Хазин: Ну, конечно, да. Потому что, вообще говоря, на Ближнем Востоке начались проблемы, связанные с ростом цен на продовольствие. Именно это стало механизмом разрушения. Конкретно в Ливии никаких проблем не было. Это в чистом виде агрессия НАТО. Точно так же, как и в Сирии. Я склонен считать, что под этим лежат очень глубокие политические причины, прежде всего в том, что и Соединенные Штаты Америки, и Западная Европа, Евросоюз очень ослабевают, причем на глазах.
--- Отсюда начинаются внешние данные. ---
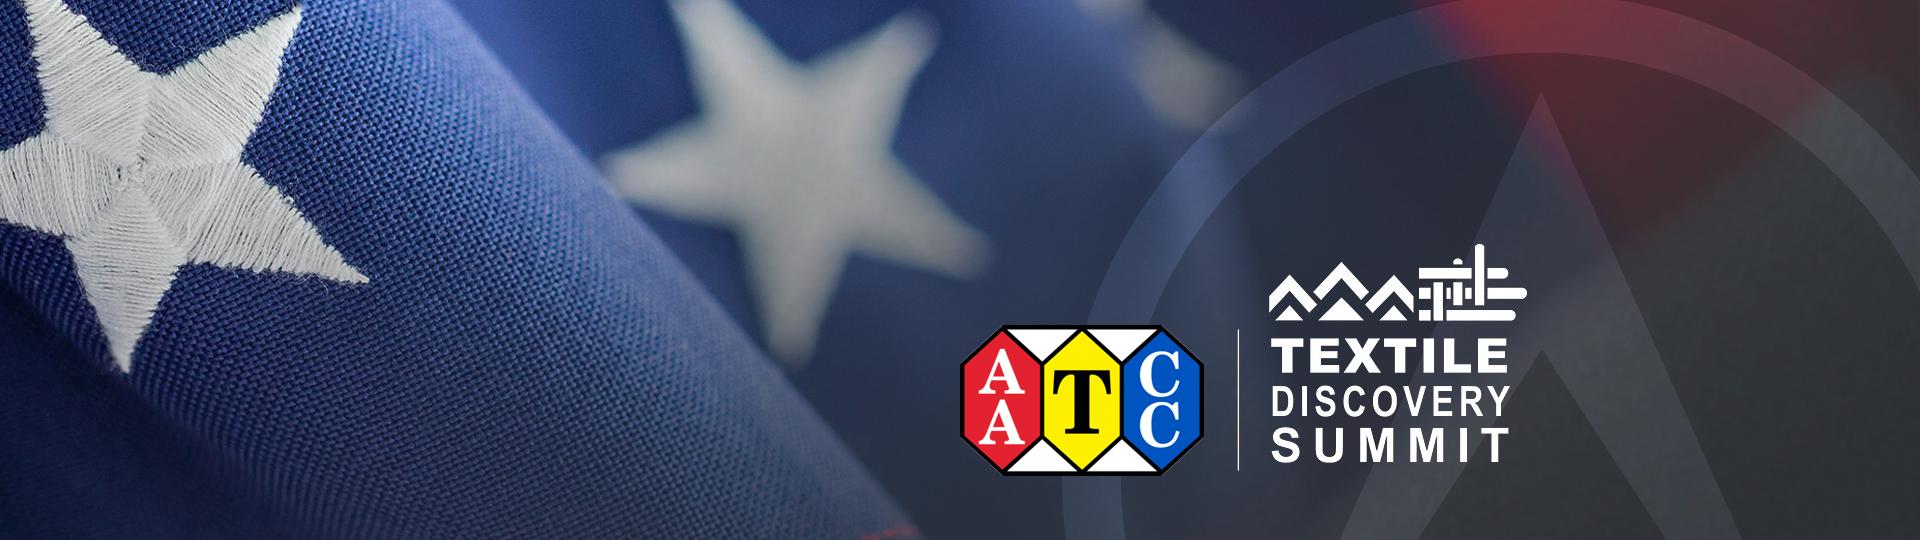 AATCC Textile Discovery Summit 2021

И пока у них еще есть ресурсы, они хотят ликвидировать любую фронду в своем близком окружении.
Не секрет, что в Средиземноморье остались только две страны, которые имели тесные неформальные отношения с Китаем — это как раз Ливия и Сирия. В этом смысле я не исключаю, что все это спецоперация, направленная против китайского присутствия в Средиземноморье.
Оганесян: Вопрос, который связан уже с событиями в Европе: кризис в Греции, угроза кризиса в Италии, Португалия. На ваш взгляд, вся эта цепочка кризисов, к чему может привести? Приведет ли она к ослаблению в целом Европейского союза, может ли привести? Какова будет роль Германии и Франции, основных доноров, которые спасали эти страны, хватит ли пороха?
Хазин: У Франции уже практически не хватает. Слухи про «Сосьете женераль» и некоторые другие банки показывает, что у Франции уже ресурсов нет. Да и поведение Франции в деле с Ливией тоже очень показательно. Ливия активно поддерживала Саркози. Я склонен считать, что информация о том, что Каддафи финансировал предвыборную кампанию Саркози, соответствует действительности. И в этом смысле поведение самого Саркози в отношении Ливии возможно объяснить только одним единственным способом: под ним «земля горит».
Так вот, я склонен считать, что, во-первых, то, что происходит, долговой кризис, на самом деле, следствие рейганомики. А разрешить его невозможно. И в этом смысле у Европы очень тяжелое положение.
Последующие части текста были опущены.